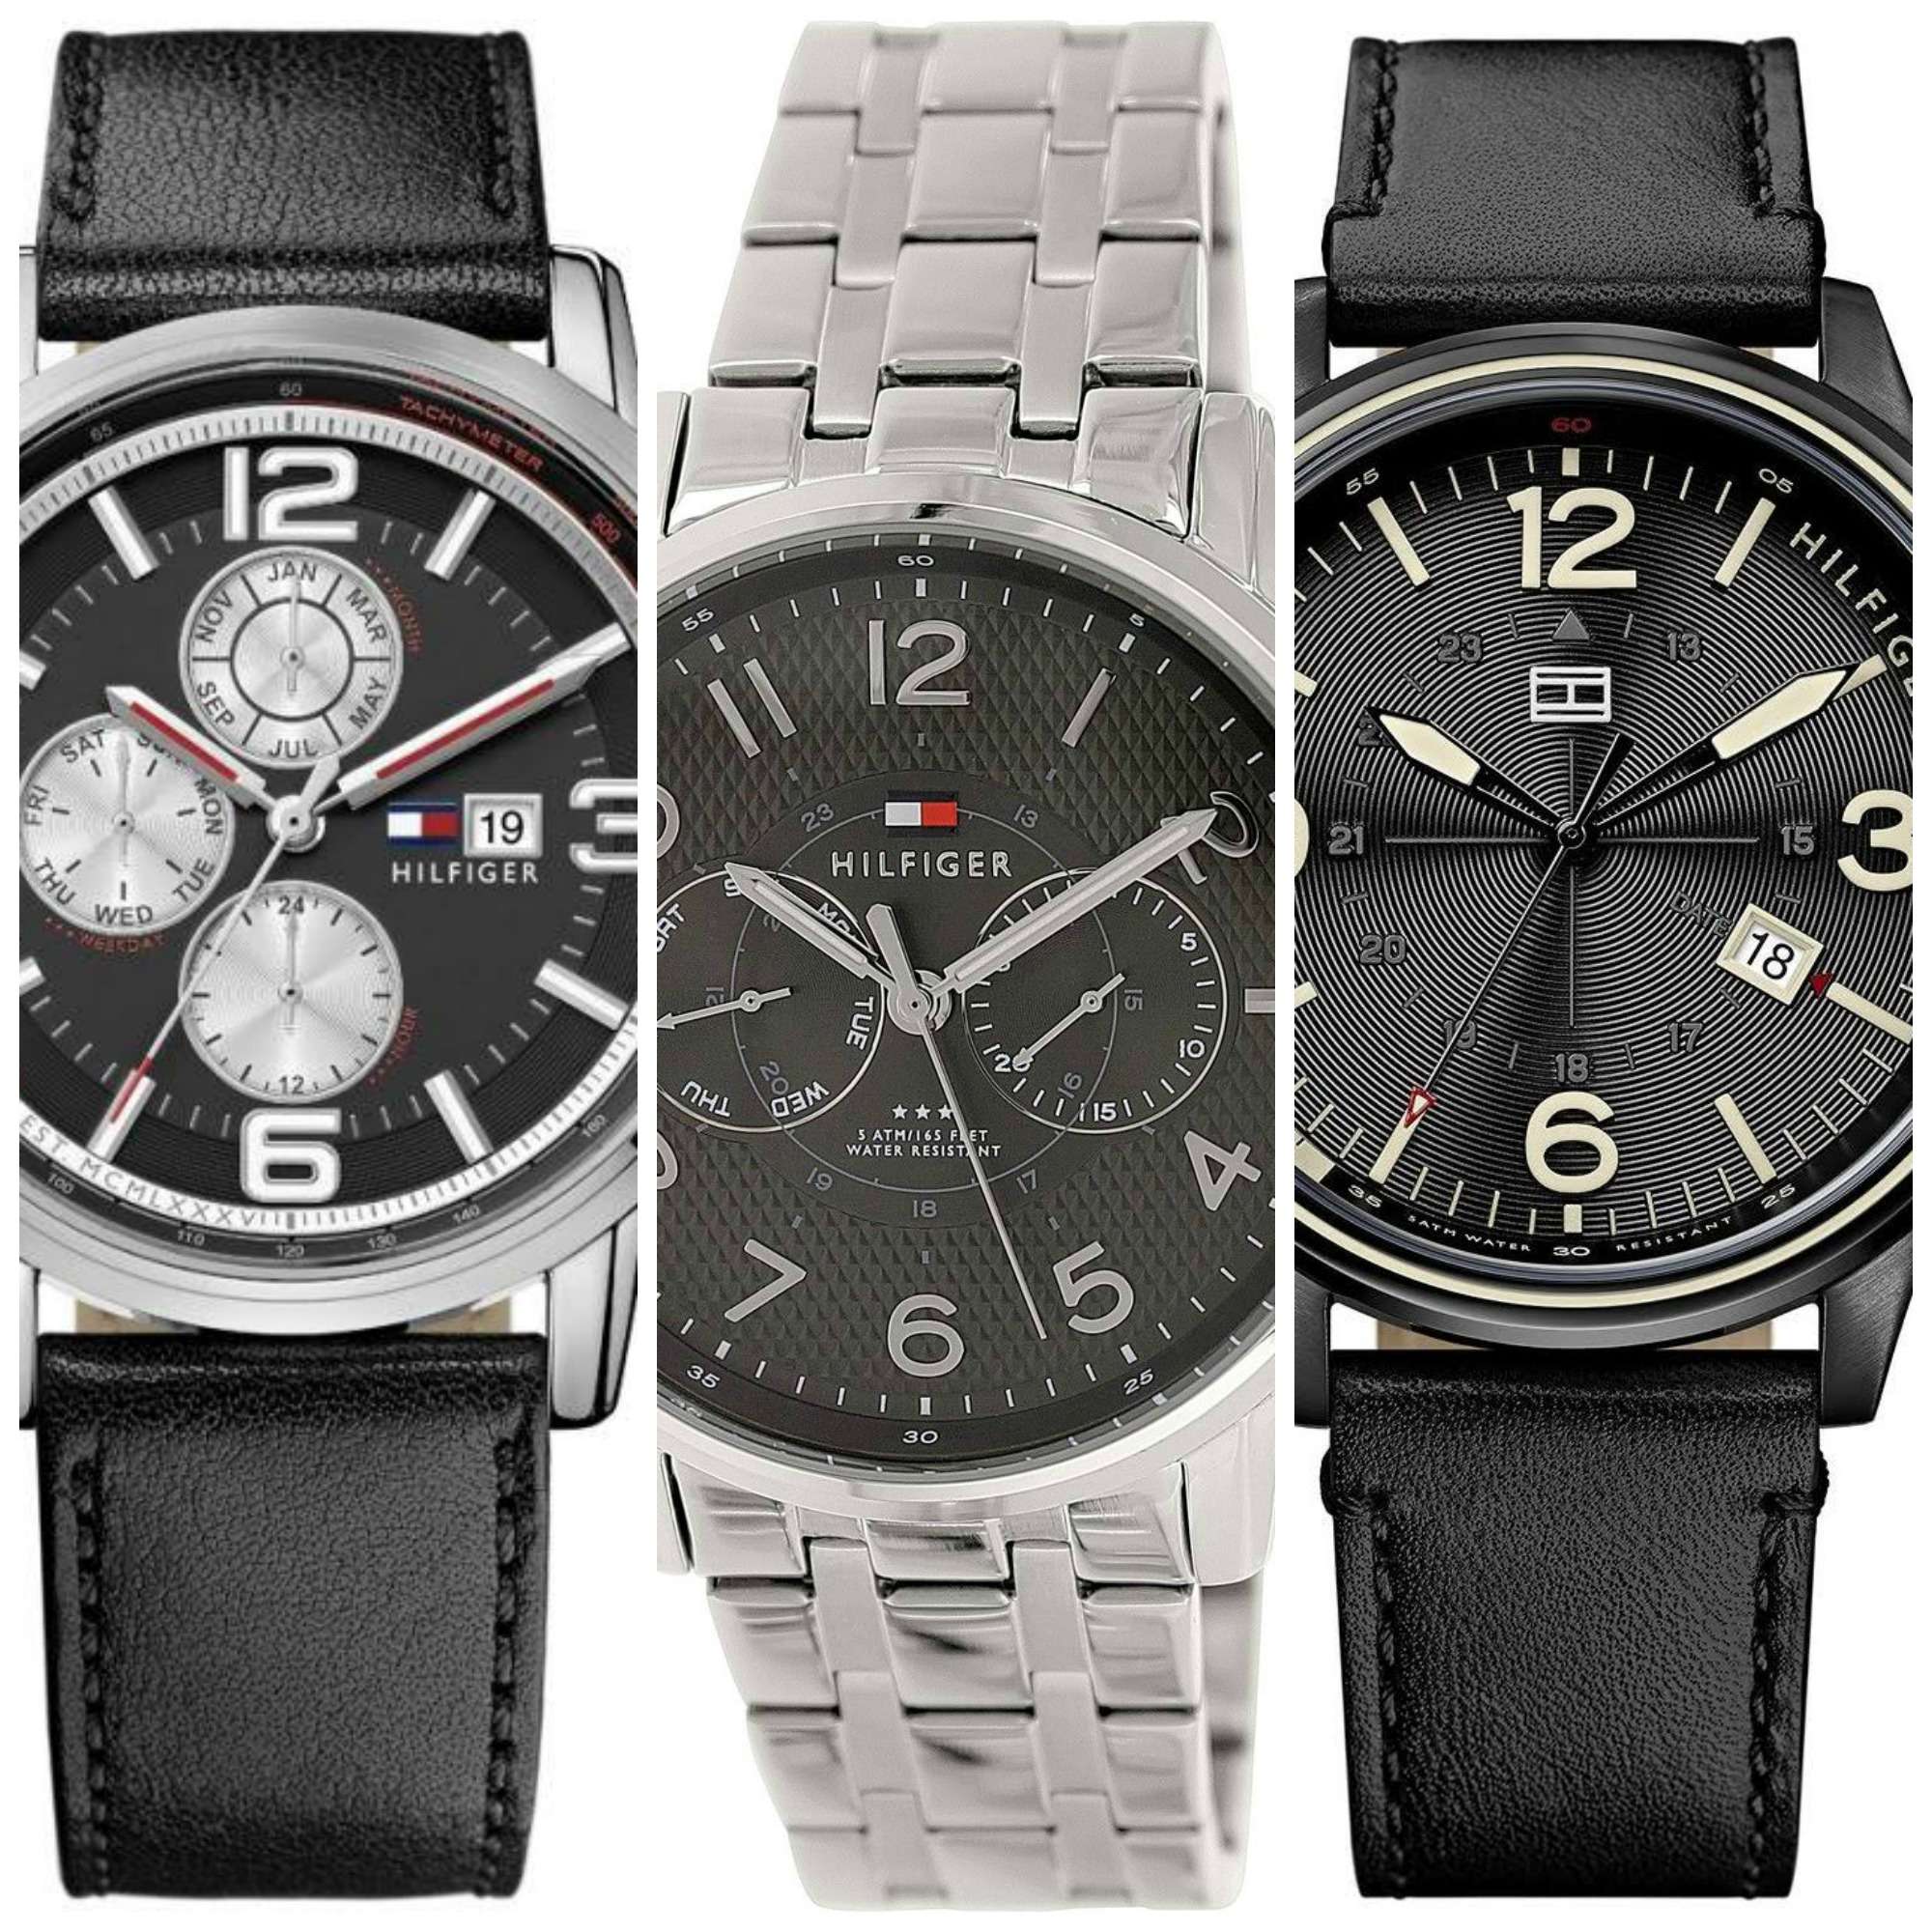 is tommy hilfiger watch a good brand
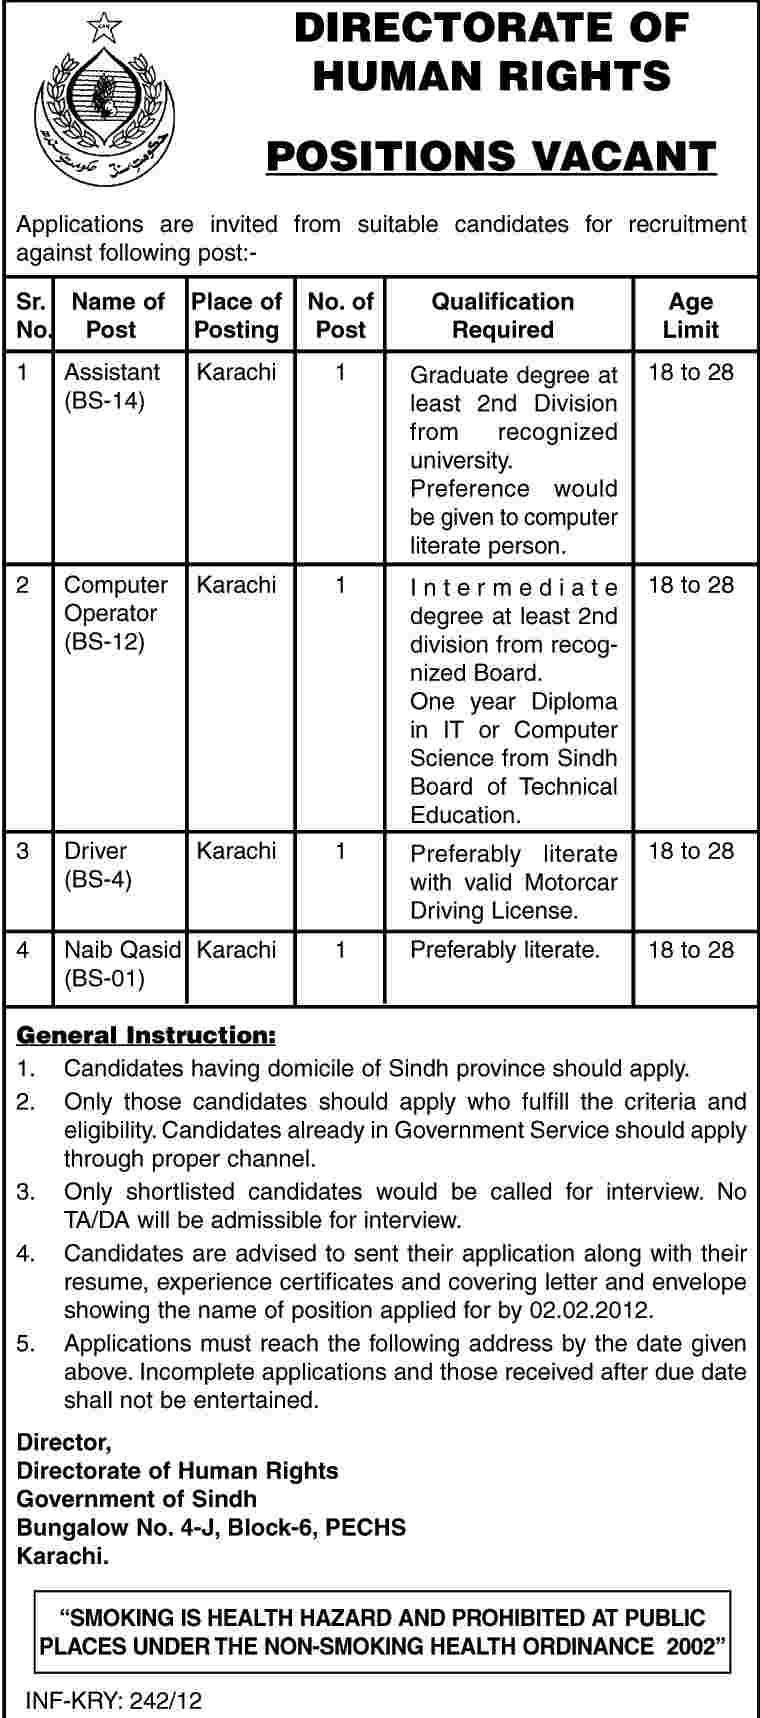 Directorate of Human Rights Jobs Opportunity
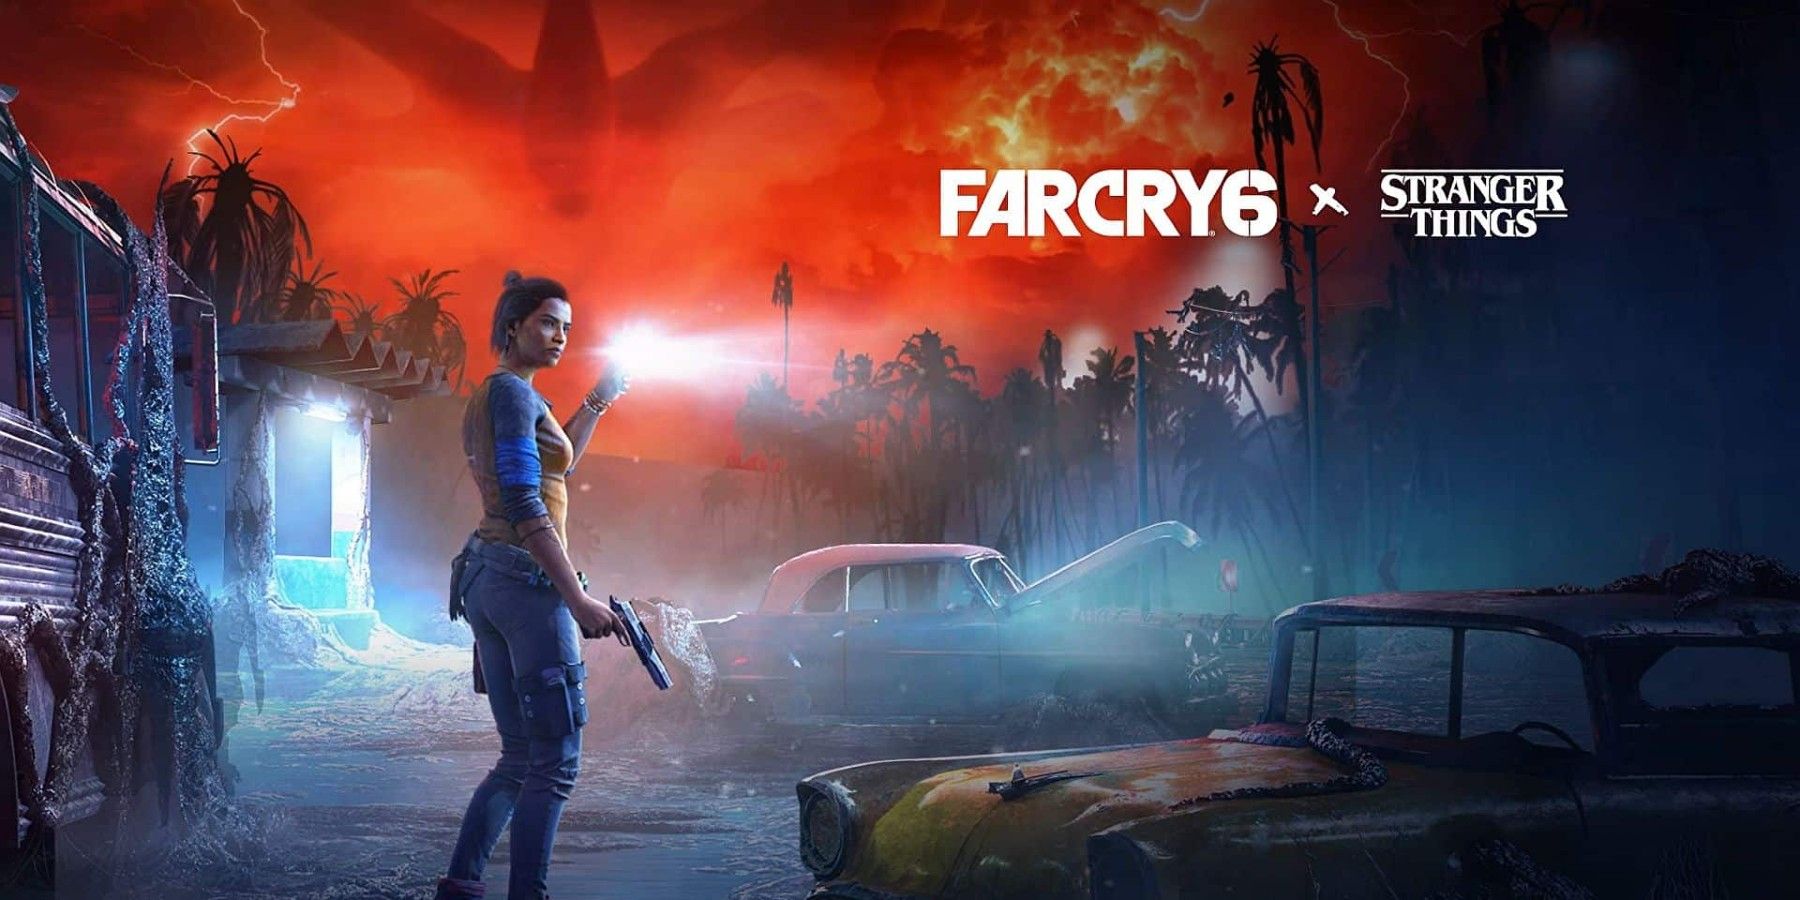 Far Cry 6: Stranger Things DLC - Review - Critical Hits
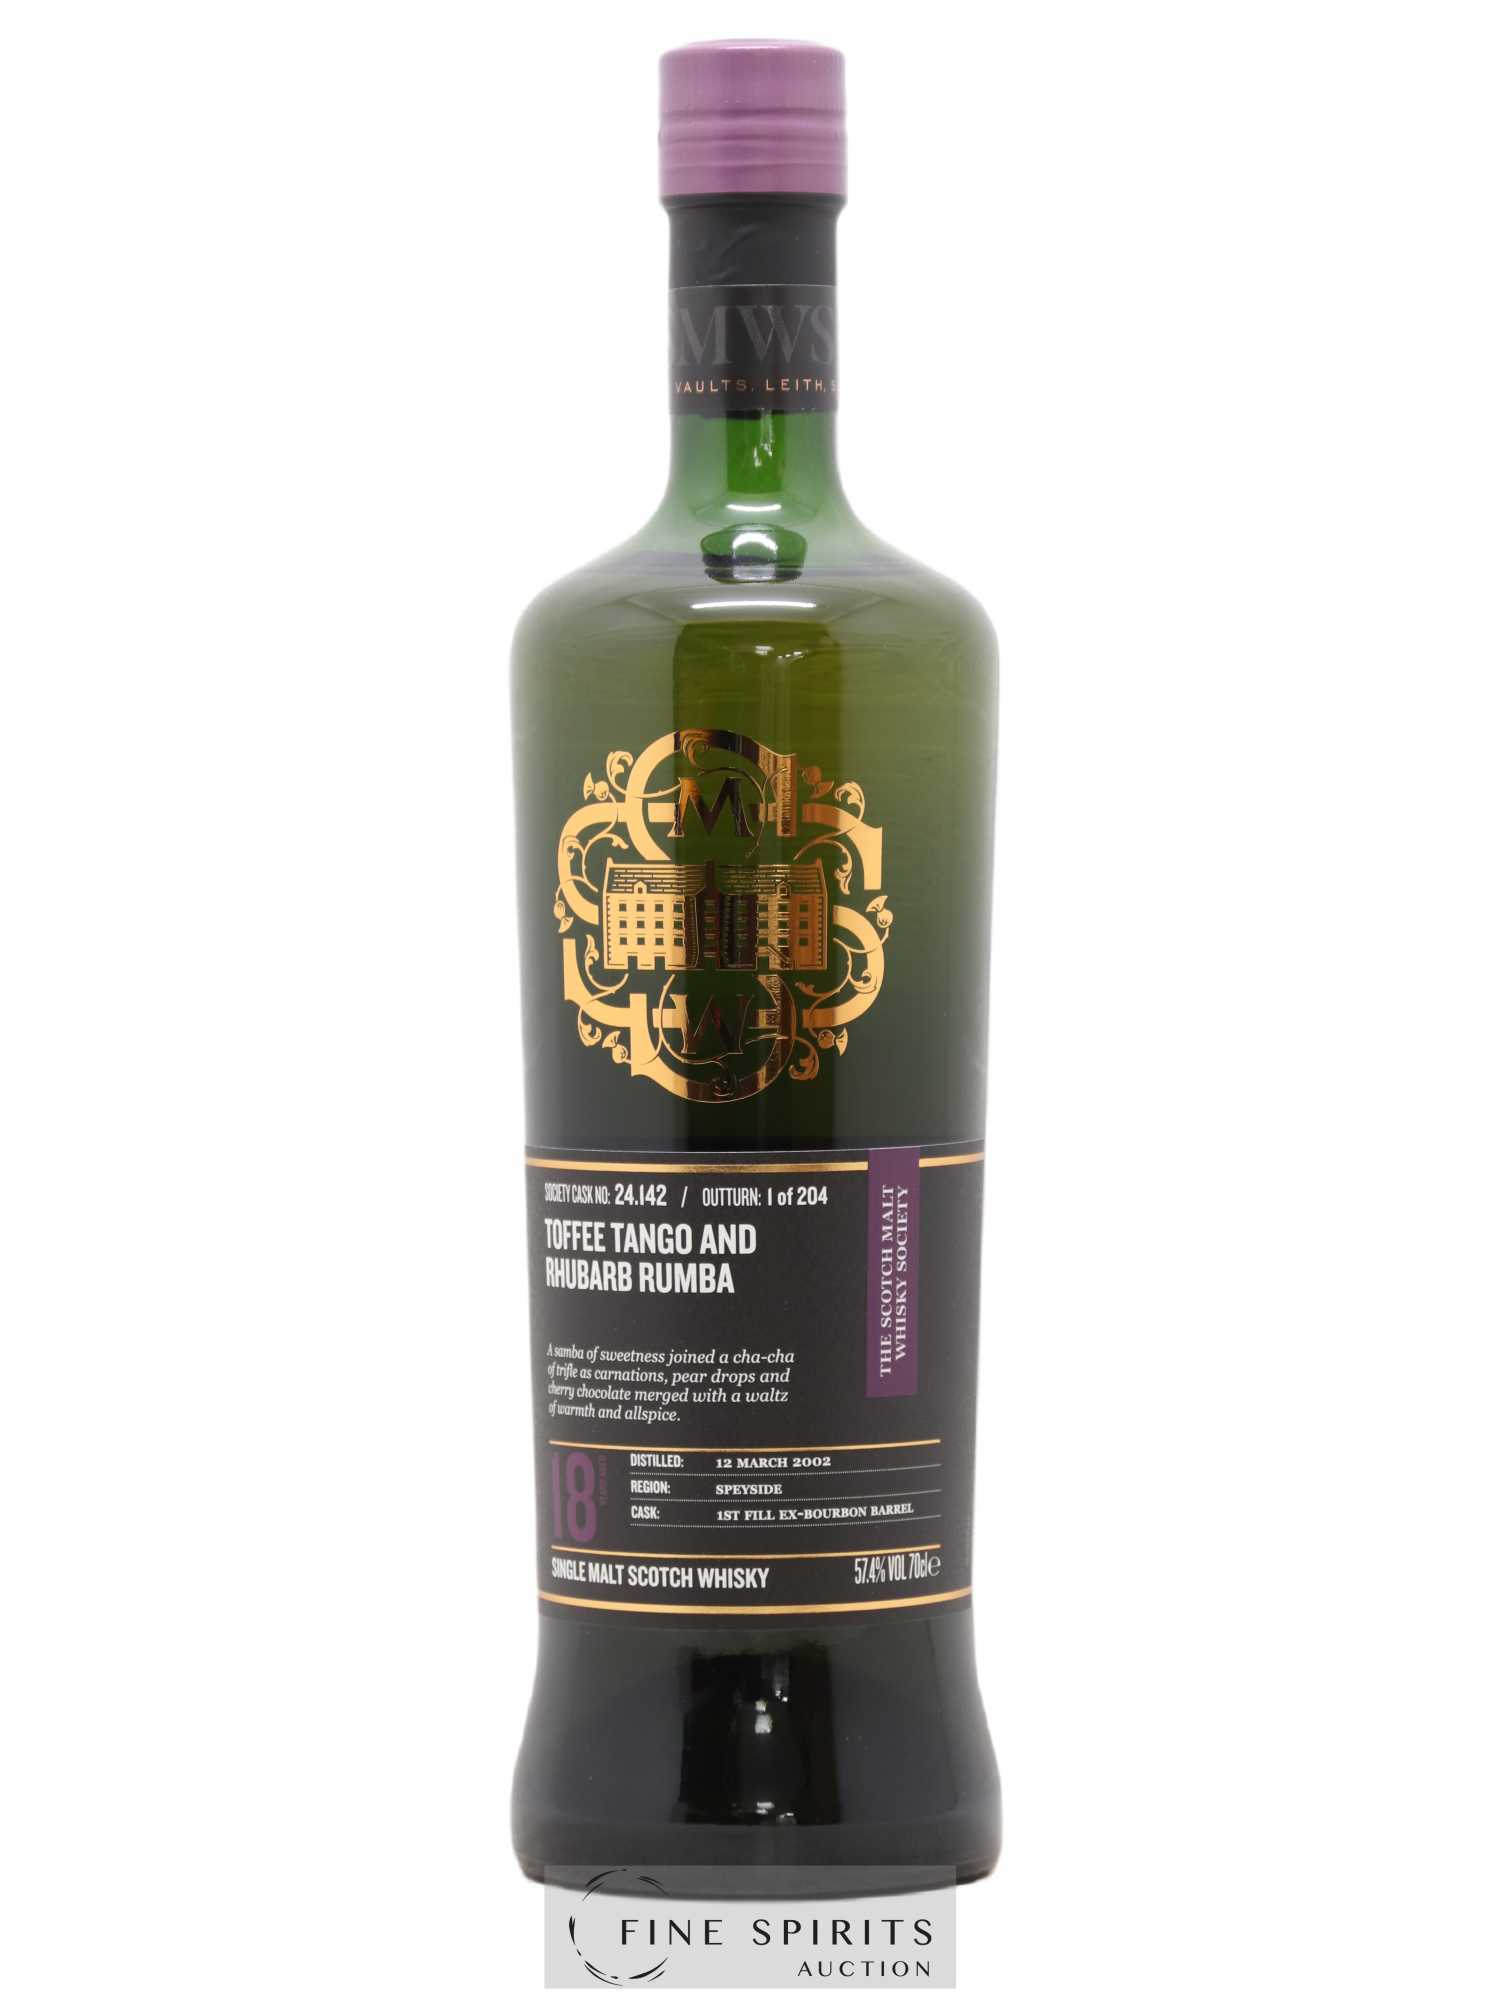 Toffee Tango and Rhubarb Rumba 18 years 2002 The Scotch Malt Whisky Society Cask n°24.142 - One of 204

REQUIREMENT:
Reproduce exactly, and only, the lines that begin at the one containing "Directorate of Human Rights Jobs Opportunity" and end with the final line of the data, both included, while omitting every picture.

EXERCISE RESPONSE:
 Directorate of Human Rights Jobs Opportunity
 Far Cry 6: Stranger Things DLC - Review - Critical Hits
 Toffee Tango and Rhubarb Rumba 18 years 2002 The Scotch Malt Whisky Society Cask n°24.142 - One of 204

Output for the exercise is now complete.